Closing his eyes, Anduin sought whatever solace he could find in the water, and whatever semblance of privacy he could cobble together with a pack of guards stationed around him.

Sinking in up to his chin and stretching out his aching leg, his thoughts turned to Wrathion the night before. What had he seen? Why was Wrathion so defensive of his nighttime bathing ritual?

* * *

The Black Prince buried his fingers in his wet curls, cursing the blood that drained from his cheeks at the thought of Anduin seeing him. It shouldn’t matter, he reasoned when he was at his most tempered, but that didn’t stop his heart from pounding every time he imagined explaining himself to the mortals. 

Everything had become a chore, from bathing to changing to using the Tavern toilet; no matter how much he drank with his champions or how heavily weariness weighed on him, he had to stay vigilant. Right was the only other living soul who knew, and though she had done an excellent job of guarding his privacy while they were traveling, Tong didn’t like her closing off his storeroom or the door leading out to the hot spring. 

His only choice was to choose his moments carefully, but somehow, even then his plan had failed. Huffing until curls of smoke escaped through his teeth, he threw himself back against a keg and punched the cold stone floor. 

As pain shot through his knuckles, he shook them out, and hugged his knees to his chest. Unbidden, his kimono parted, sliding down to his waist to reveal legs scarred and discolored: the remnants of Rheastrasza's hasty experiments. 

_That foolish red dragon couldn’t get one thing right,_ he sighed, digging his nails into his skin. _She couldn’t even let me have this, one single thing about myself I didn’t have to hide from the world._

Champions and pandaren alike often soaked together in that pool, beers waiting within reach on the lip and conversation loud and carefree. He couldn’t even have that, and he hated it. 
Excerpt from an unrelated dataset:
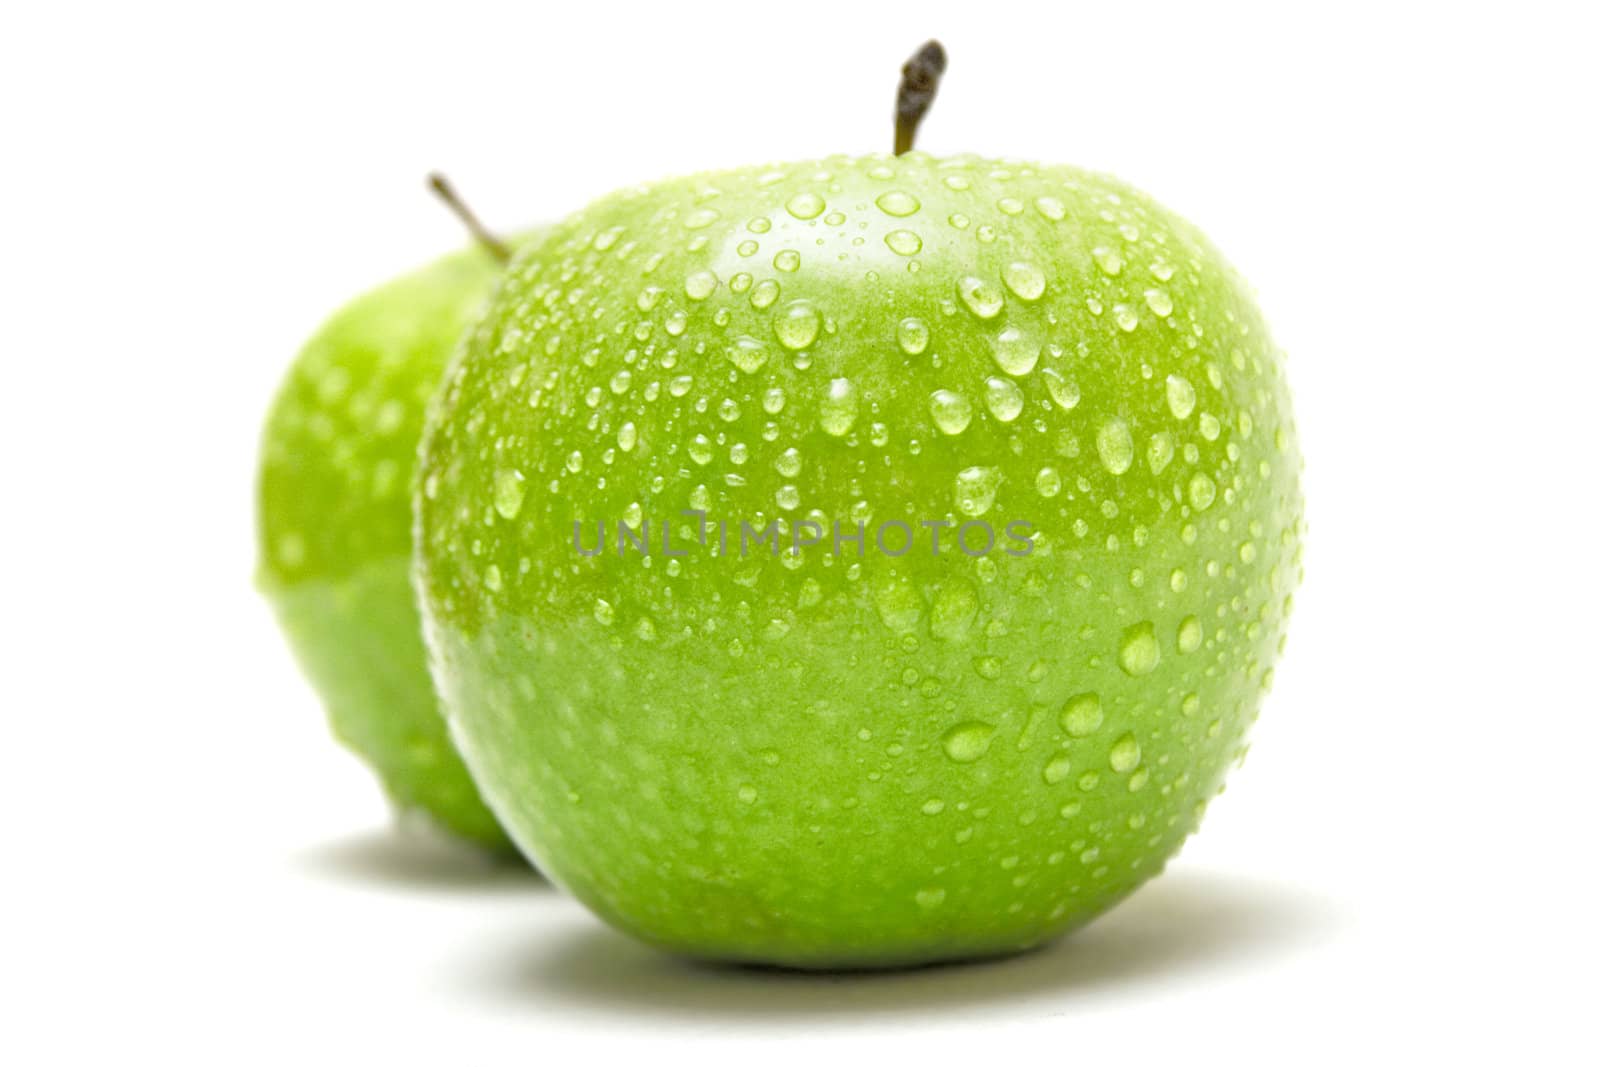 Two Green Apples with Water Drops by winterling

Pulling his knees in closer, he tilted his head until it rested atop the keg and let out a ragged sigh. Above him, a mattress squeaked as Anduin burrowed under his blankets. 

Wrathion put off bathing again for as long as he could. Finally, four nights later, a heavy fog rolled in, and he decided to take his chances. The last patron cleared from the dining hall, and he ducked into the storeroom. He unlatched his belt, pushed down his hip guards, removed his turban and heavy tunic. 

After squirming out of his silk harem pants, he undid the magenta silk binder he had created for himself and dropped his matching undershorts. Slipping into his red silk kimono and hugging his towel against the slight swell of his chest, he inched out into the darkness, shuffling sideways through the door and stepping off the porch into the fog. 

Wrapped in its shroud, he couldn’t make out the edge of the spring until his long toenails clicked against it. Shifting, he dropped into the folds of his robe and slithered into the water, assuming his human form only after the water had covered him in its steamy embrace.

There was a chill in the air that licked at the back of his neck; he fought it off by plunging in up to his earlobes. His thick hair fanned out around him, and he willed his breath to even. Red light scattered through the mists until he squeezed closed his eyes and wrenched his thoughts away from how exposed he felt, even now, without his layers of clothes and guards and airs to protect him.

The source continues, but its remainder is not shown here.